Notre camarade Aymeric Monville a récemment été interviewé par le média chinois CGTN au sujet des déclarations bellicistes de la Première ministre japonaise concernant Taïwan. Avec son accord, nous publions ci-dessous le texte préparatoire qu’il avait rédigé pour cette interview.
« Si des navires de guerre étaient employés et qu’un blocus maritime [sur Taïwan] impliquât l’usage de la force, je pense que cela constituerait tout à fait une situation dont on pourrait considérer qu’elle menace la survie du Japon. »
Ces propos menaçants de la Première ministre Takaichi Sanae reviennent implicitement à considérer que cette île chinoise, colonisée cinquante ans durant par le Japon, relève aujourd’hui encore d’un intérêt vital pour Tokyo. Ils s’inscrivent dans la ligne dure du Parti libéral-démocrate, déjà bien identifiable sous Abe Shinzō : celle d’une remilitarisation décomplexée du Japon grâce à une modification de la Constitution permettant des interventions dépassant la seule défense du territoire. Une rupture avec les principes de l’après-guerre, facilitée par une forme d’aveuglement persistant quant aux crimes du Japon impérial, matérialisé notamment par les visites régulières de dirigeants au sanctuaire Yasukuni, où sont honorés des criminels de guerre.

Le refus de reconnaître le caractère chinois de Taïwan va pourtant à l’encontre des décisions de la communauté internationale, qui, dans son immense majorité, adhère au principe d’« une seule Chine ». Rappelons que l’ONU a adopté en octobre 1971 la résolution 2758 sur la réintégration de la République populaire de Chine dans ses droits légitimes au sein de l’Organisation. L’île de Taïwan avait subi cinquante années de colonisation japonaise, à la suite de l’un des nombreux traités inégaux ayant tragiquement marqué le XIXᵉ siècle chinois. De telles déclarations ne peuvent donc qu’attiser les tensions au moment même où un règlement pacifique semble se rapprocher : le Guomindang, actuellement dans l’opposition à Taïwan, vient de rappeler par la voix de sa nouvelle présidente, Mme Zhèng Lìwén, son attachement au consensus de 1992 établissant une politique d’« une seule Chine » entre Taïwan et la République populaire de Chine.

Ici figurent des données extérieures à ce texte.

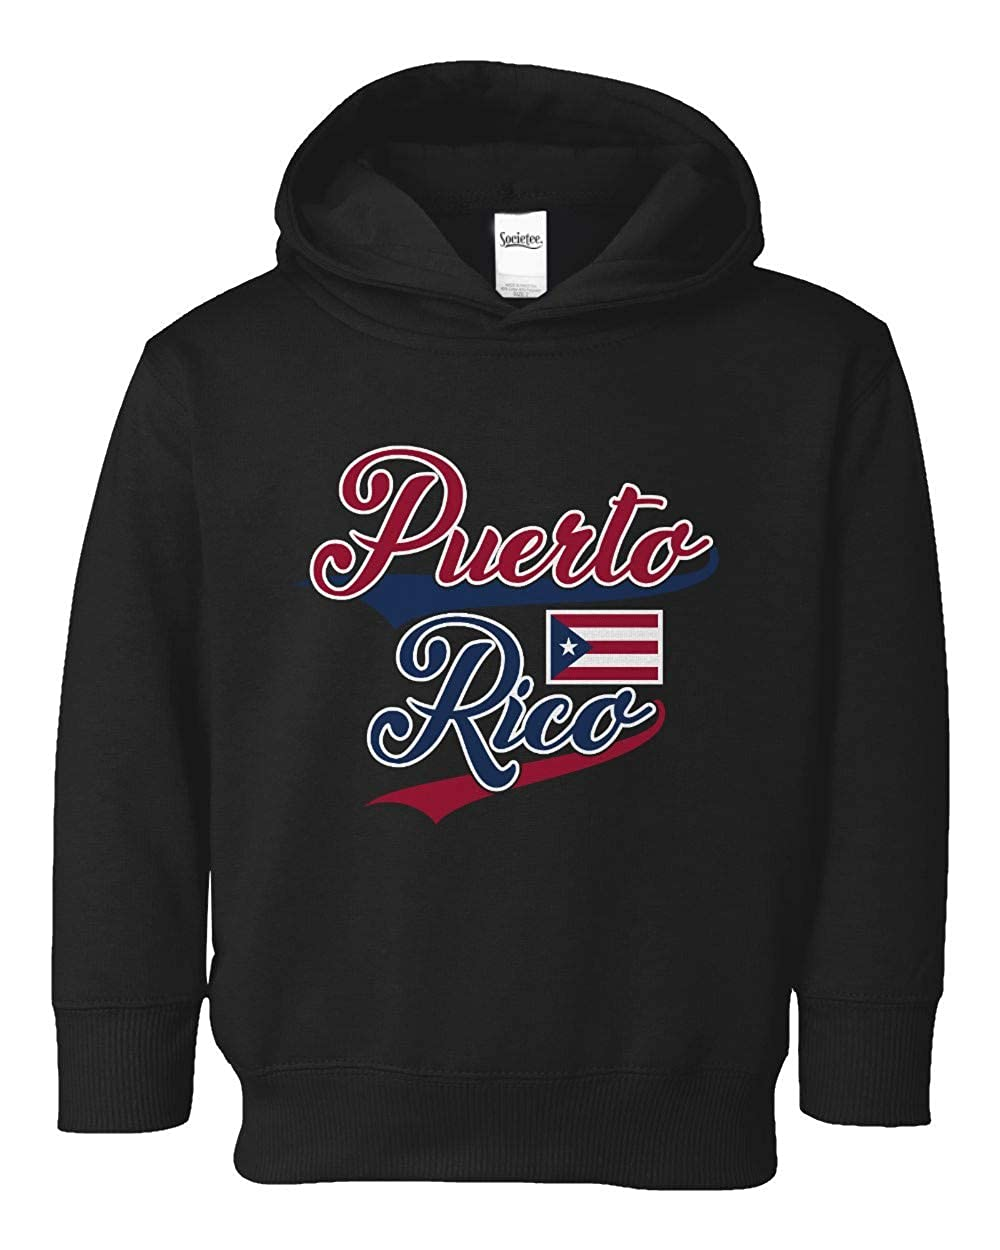 Societee Team Puerto Rico Girls Boys Toddler Hooded Sweatshirt

Face à ce qui s’apparente clairement à une ingérence étrangère d’inspiration néofasciste, la Chine rappelle le droit international issu de la victoire de 1945 contre le militarisme japonais qui avait ravagé l’Asie. Il n’est pas inutile de rappeler que Tokyo employait déjà les mêmes termes provocateurs que Mme Takaichi pour justifier sa politique d’agression : ses intérêts vitaux et ceux de sa prétendue « sphère de coprospérité » auraient été menacés en Mandchourie, puis jusqu’à Pearl Harbor. En Europe, Hitler invoquait lui aussi son « espace vital » pour justifier ses entreprises meurtrières. La rhétorique n’a guère changé : ce sont toujours les mêmes bruits de bottes.
En raison du rôle décisif joué dans la défaite de l’expansionnisme japonais, la Chine occupe aujourd’hui un siège permanent au Conseil de sécurité de l’ONU. On constate qu’elle y adopte un rôle de temporisation et ne fait que rappeler le droit international. Contrairement à ce qu’affirment les médias occidentaux, sa réponse est calibrée et proportionnée.
Certains comparent la situation actuelle entre la Chine et le Japon autour de Taïwan au conflit russo-ukrainien. Mais comparaison n’est pas raison : une distinction entre Ukrainiens et Russes était officiellement reconnue, non seulement à l’époque soviétique mais déjà avant elle, tandis qu’il n’existe ici qu’une seule Chine et un seul peuple — sur le continent comme à Taïwan. On peut toutefois relever un point commun : les effets délétères de la résurgence du fascisme. La politique néofasciste et révisionniste des dirigeants japonais rappelle en bien des points celle des néonazis ukrainiens qui, notamment depuis 2014, persécutaient les locuteurs russophones et interdisaient les classiques russes : négation raciste des Russes d’un côté, négation raciste des Chinois de l’autre. Plus largement, on voit le coût humain dramatique qu’entraîne le retour du fascisme dans un monde traversé par les contradictions croissantes du capitalisme. Pensons, entre autres, aux conséquences de l’arrivée au pouvoir de l’extrême droite la plus radicale en Israël.
Aymeric Monville, 19 novembre 2025
PS : Dans la traduction des propos de la Première ministre japonaise, nous avons rétabli l’imparfait du subjonctif de rigueur lorsque deux verbes figurent dans une proposition conditionnelle introduite par si. La consultation de nombreux sites d’information reproduisant cette citation avec un indicatif fautif montre en effet à quel point cette règle semble désormais ignorée d’une partie de la profession journalistique.